Block 10 of the addition lies immediately south of Nineteenth street and immediately east of Lincoln Boulevard. The south tier of the loljs in said block which face south on Eighteenth street are owned and occupied by the defendants for residential purposes. The north tier of the lots therein whereon there are no improvements are the lots involved herein.
During the latter part of 1945 the plaintiff, a corporation organized for religious purposes, acquired title to said north tier of lots in block 10, and, having received municipal permission to erect thereon a building for public worship at an estimated cost of $200,000, posted and advertised its intention so to do. Defendants, through counsel, called plaintiff’s attention to the plat restrictions and, insisting that such erection would be unlawful, warned that injunctions would be sought if erection of the church building were attempted. Thereupon plaintiff instituted this action.
The plaintiff’s petition recites the foregoing facts, the fact that there is no other suitable site within the addition, that such site would afford a convenient place for its congregation, consisting of persons residing both within and without the addition. The prayer of the petition is to judicially establish the right of the plaintiff as against said restriction to erect and maintain on the premises the contemplated church structure and quiet plaintiff’s right to do so against the claims of the defendants.
The trial court sustained the demurrer of defendants to the petition upon the ground the same did not state a cause of action, and plaintiff electing to stand on its petition, its action was dismissed. It is from the order of dismissal plaintiff prosecutes this appeal.
There are but two basic questions involved in this appeal. First, is the proposed use of the premises for church purposes within the inhibition of the restrictive provision under which title thereto is held? and, if so, second, is the provision void or unreasonable to the extent it prohibits the plaintiff from erecting thereon and maintaining the proposed edifice for public worship?

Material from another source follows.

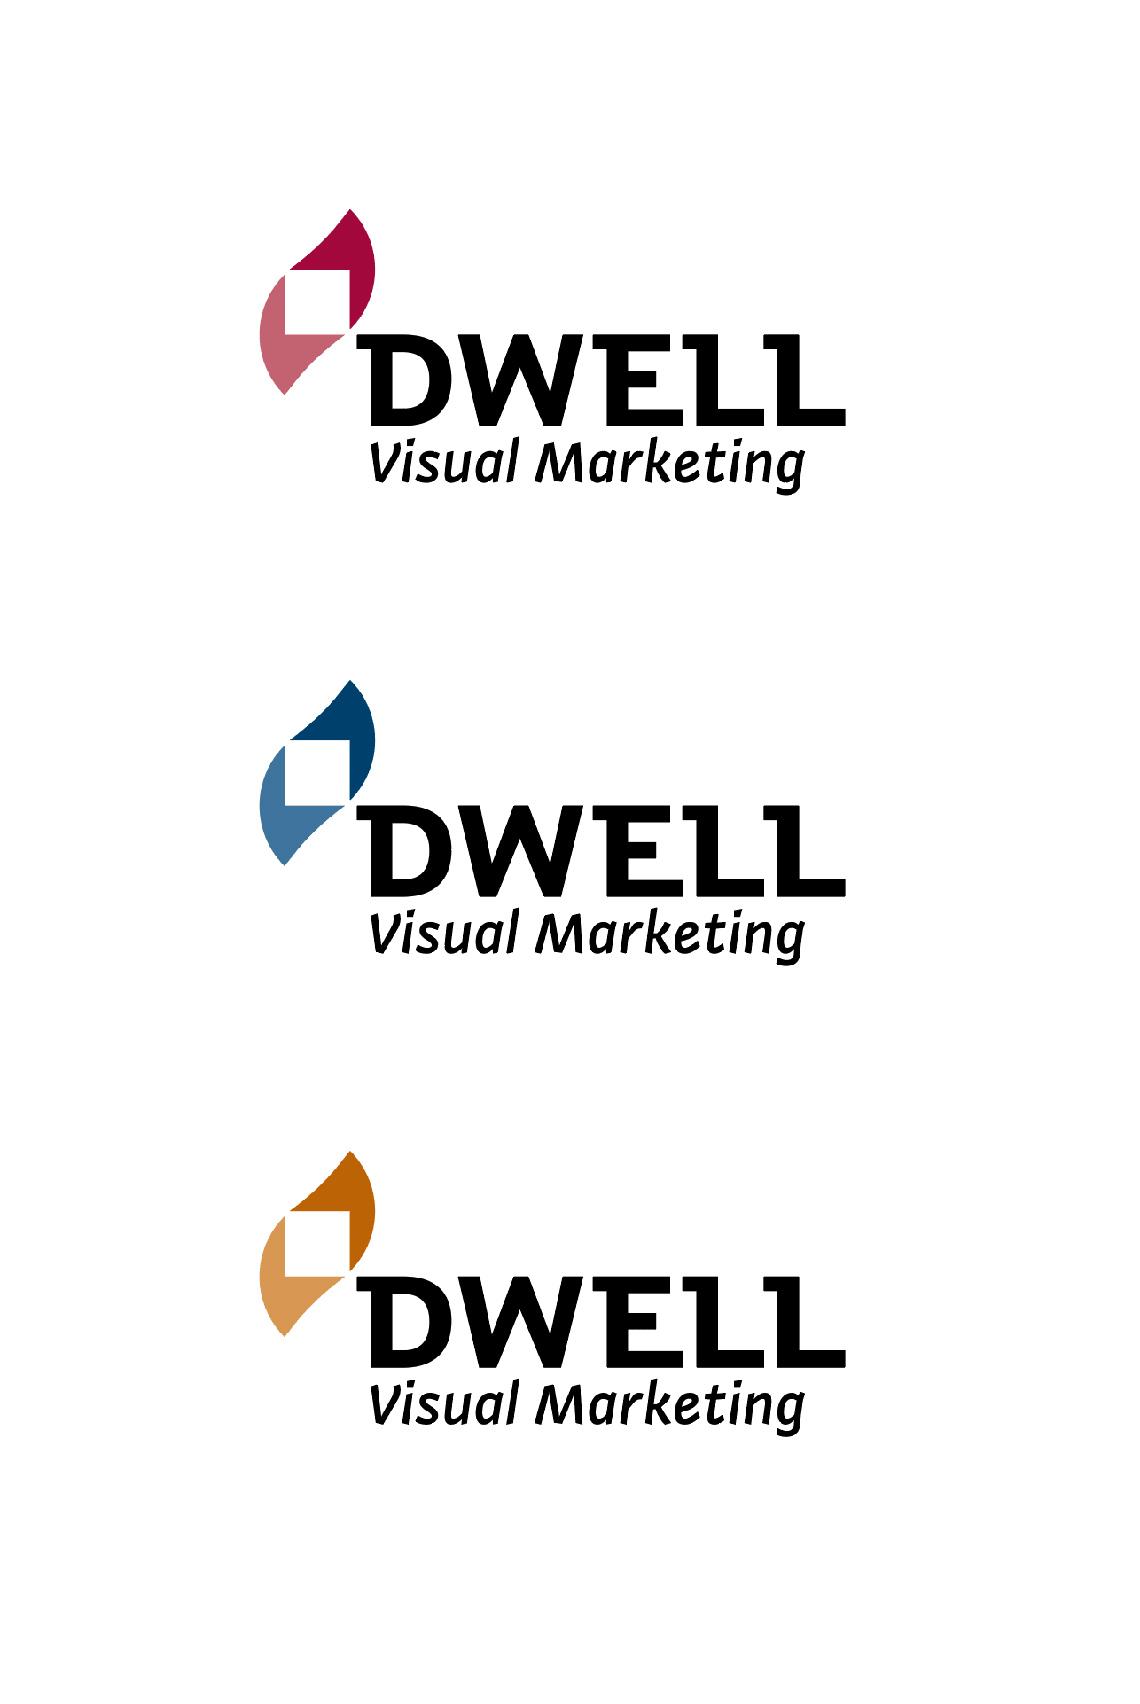 Dwell Logo Design Color Version

Concerning the first question, it is urged on behalf of plaintiff that the use of lots for churches is not expressly prohibited and, therefore, the fact of their prohibition can arise only by implication which, being inconsistent with the applicable rule of strict construction, will not be indulged by the court. It is recognized that this court has repeatedly held that while convenants restricting the use of real property are not favored, they will nevertheless be enforced by the courts where the intention of the parties is clear in their creation and the restrictions or limitations are confined within reasonable bounds. Plaintiff quotes from the opinion of this court in Southwest Petroleum Co. v. Logan, 180 Okla. 477, 71 P. 2d 759, wherein the court construed the reservations involved therein, the following:
“The phrase, ‘All lots in this plat are restricted to residences only,’ excludes all other us,es upon the land, and is clear and unambiguous. Under the natural and common sense meaning of the term ‘residences’ we cannot say that the drilling of wells for oil and gas is a use of property for residence purposes. It does not matter that the parties did not anticipate the oil development in this area and contemplate the necessity of excluding the drilling of oil wells in the addition when it is clear that they intended to exclude every use not pertaining to residence purposes”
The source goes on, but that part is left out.